Now to the point. In the sources of ksvm we can find when is a line drawn between using user-defined kernel, and the built-ins:
if (type(ret) == "spoc-svc") {
if (!is.null(class.weights))
weightedC <- class.weights[weightlabels] * rep(C,
else weightedC <- rep(C, nclass(ret))
yd <- sort(y, method = "quick", index.return = TRUE)
xd <- matrix(x[yd$ix, ], nrow = dim(x)[1])
count <- 0
if (ktype == 4)
K <- kernelMatrix(kernel, x)
resv <- .Call("tron_optim", as.double(t(xd)), as.integer(nrow(xd)),
as.integer(ncol(xd)), as.double(rep(yd$x - 1,
2)), as.double(K), as.integer(if (sparse) xd#ia else 0),
as.integer(if (sparse) xd#ja else 0), as.integer(sparse),
as.integer(nclass(ret)), as.integer(count), as.integer(ktype),
as.integer(7), as.double(C), as.double(epsilon),
as.double(sigma), as.integer(degree), as.double(offset),
as.double(C), as.double(2), as.integer(0), as.double(0),
as.integer(0), as.double(weightedC), as.double(cache),
as.double(tol), as.integer(10), as.integer(shrinking),
PACKAGE = "kernlab")
reind <- sort(yd$ix, method = "quick", index.return = TRUE)$ix
alpha(ret) <- t(matrix(resv[-(nclass(ret) * nrow(xd) +
1)], nclass(ret)))[reind, , drop = FALSE]
coef(ret) <- lapply(1:nclass(ret), function(x) alpha(ret)[,
x][alpha(ret)[, x] != 0])
names(coef(ret)) <- lev(ret)
alphaindex(ret) <- lapply(sort(unique(y)), function(x)
x] != 0))
xmatrix(ret) <- x
obj(ret) <- resv[(nclass(ret) * nrow(xd) + 1)]

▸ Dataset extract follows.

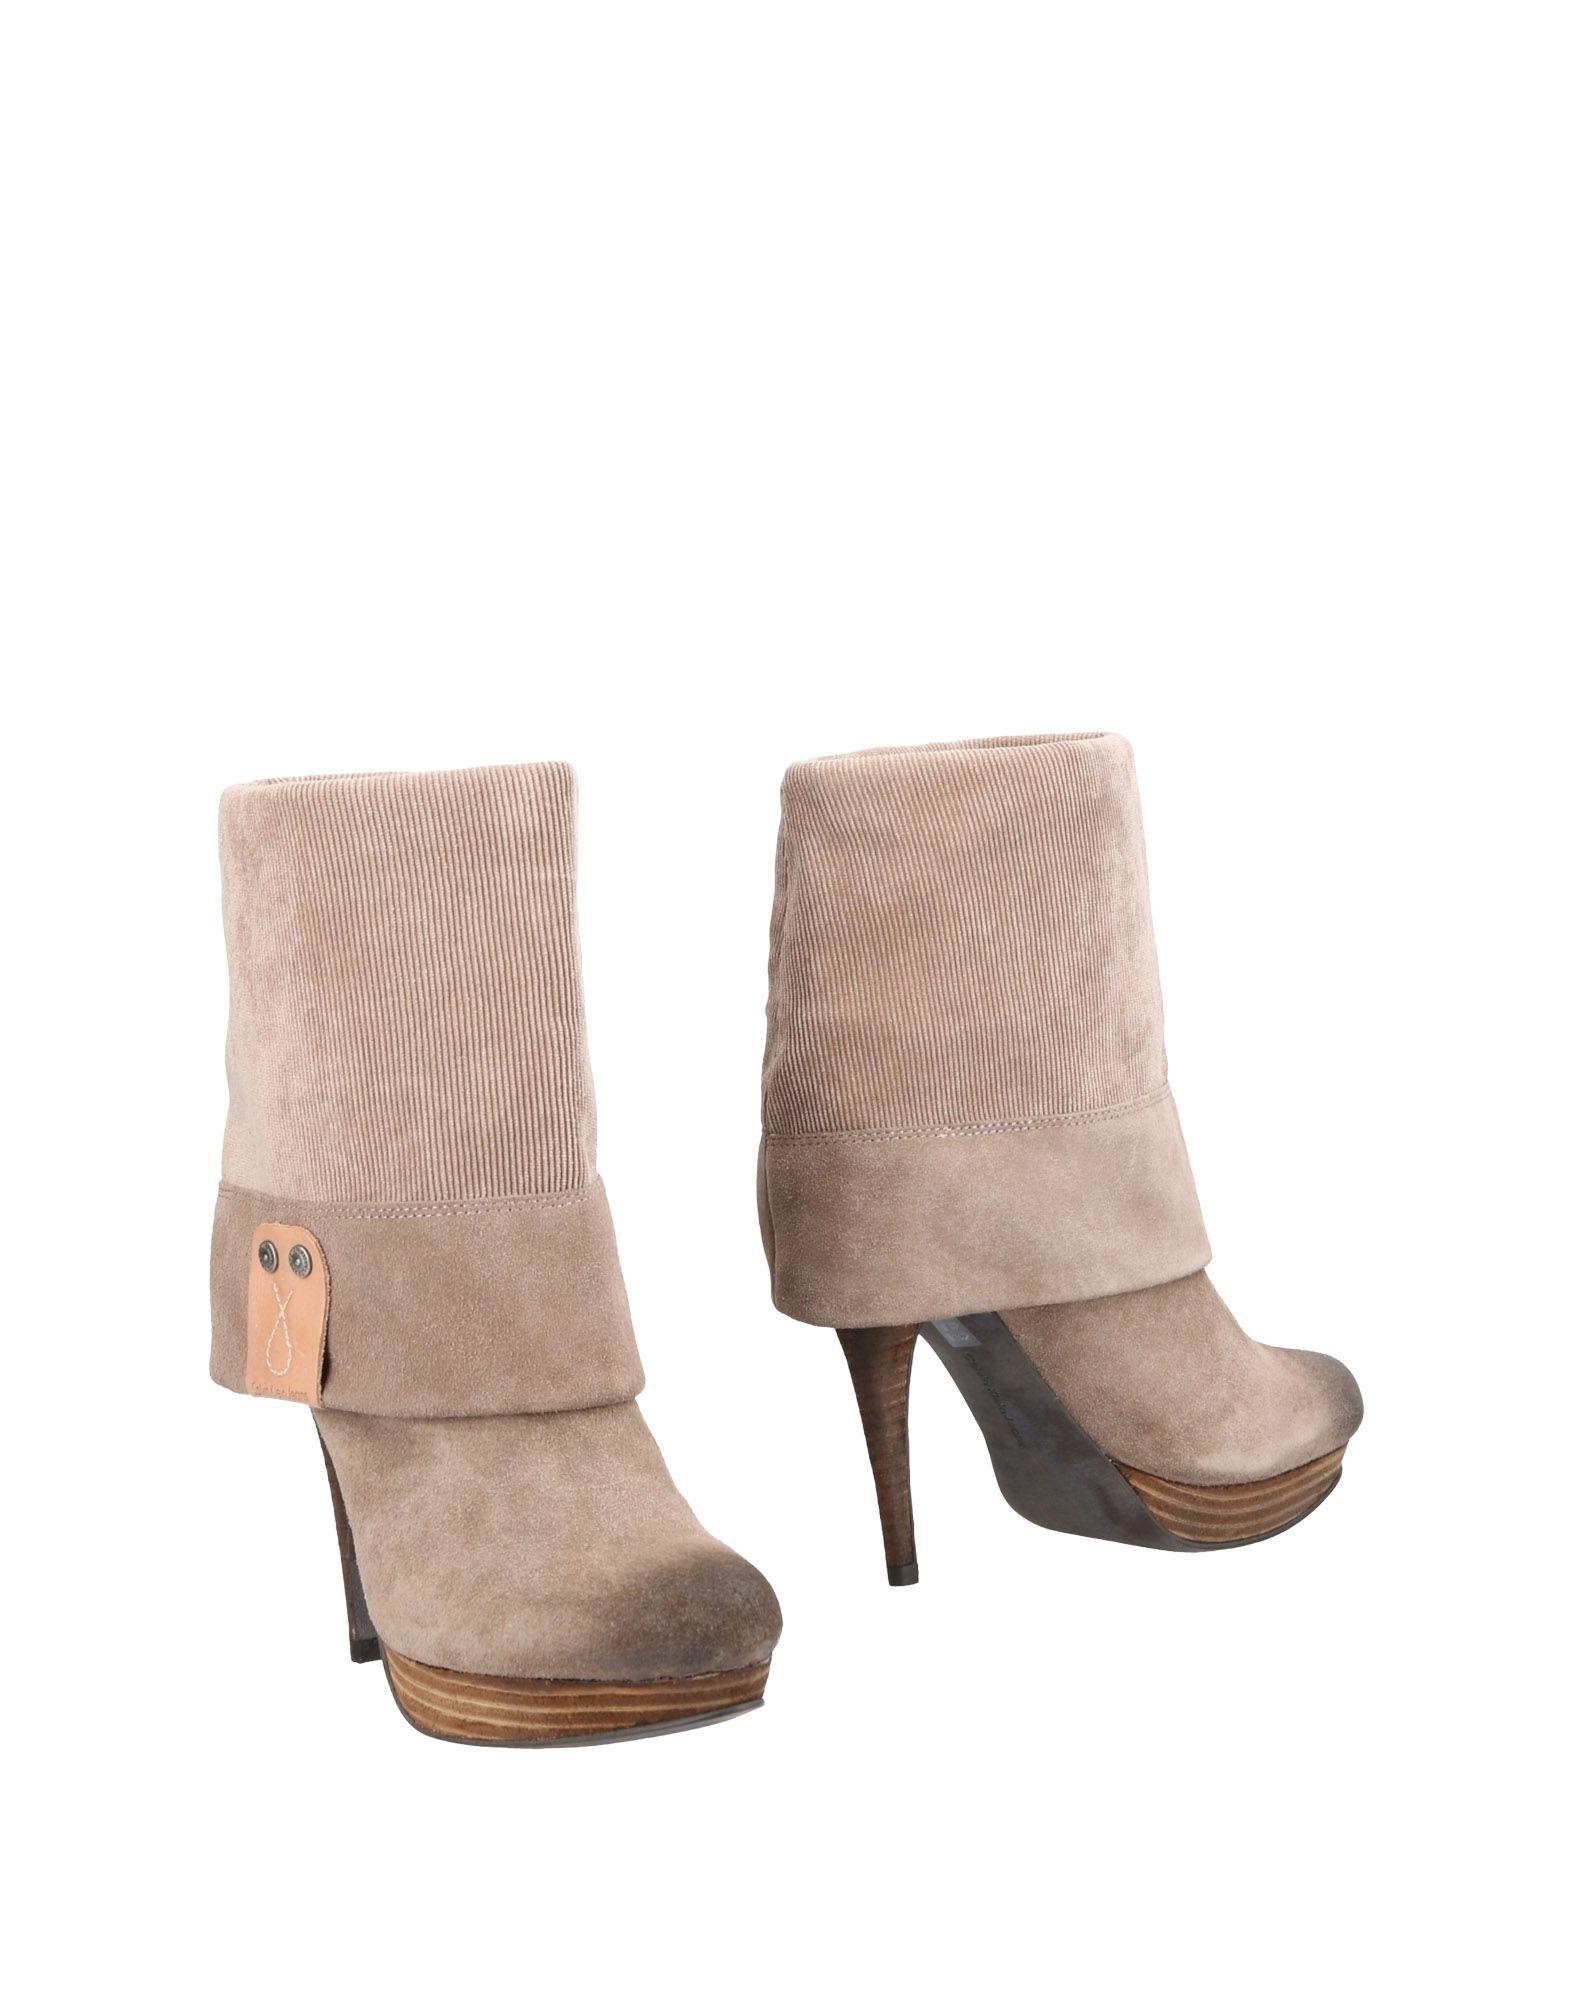 Calvin Klein Jeans Stiefelette Damen Schuhe  11485254ED Neue Schuhe Damen df68b0

names(alphaindex(ret)) <- lev(ret)
svindex <- which(rowSums(alpha(ret) != 0) != 0)
b(ret) <- 0
param(ret)$C <- C
The important parts are two things, first, if we provide ksvm with our own kernel, then ktype=4 (while for vanillakernel, ktype=0) so it makes two changes:
in case of user-defined kernel, the kernel matrix is computed instead of actually using the kernel
tron_optim routine is ran with the information regarding the kernel
Now, in the svm.cpp we can find the tron routines, and in the tron_run (called from tron_optim), that LINEAR kernel has a separate optimization routine
if (param->kernel_type == LINEAR)
/* lots of code here */
while (Cpj < Cp)
totaliter += s.Solve(l, prob->x, minus_ones, y, alpha, w,
Cpj, Cnj, param->eps, sii, param->shrinking,
/* lots of code here */
totaliter += s.Solve(l, prob->x, minus_ones, y, alpha, w, Cp, Cn,
param->eps, sii, param->shrinking, param->qpsize);
delete[] w;
Solver_B s;
s.Solve(l, BSVC_Q(*prob,*param,y), minus_ones, y, alpha, Cp, Cn,
param->eps, sii, param->shrinking, param->qpsize);
As you can see, the linear case is treated in the more complex, more detailed way. There is an inner optimization loop calling the solver many times. It would require really deep analysis of actual optimization being performed here, but at this step one can answer your question in a following way:
There is no error in your operation
kernlab's svm has a separate routine for training SVM with linear kernel, which is based on the type of kernel passed to the code, changing "kernel" to "vanillakernel" made the ksvm think it is actually working with vanillakernel, and so performed this separate optimization routine
It does not seem as a bug in fact, as the linear SVM is in fact very different from the kernelized version in terms of efficient optimization techniques. Amount of heuristic as well as numerical issues that has to be taken care of is really big. As a result, some approximations are required and can lead to the different results. While for the rich feature space (like those induced by RBF kernel) it should not really matter, for simple kernels line linear ones - this simplifications can lead to significant output changes.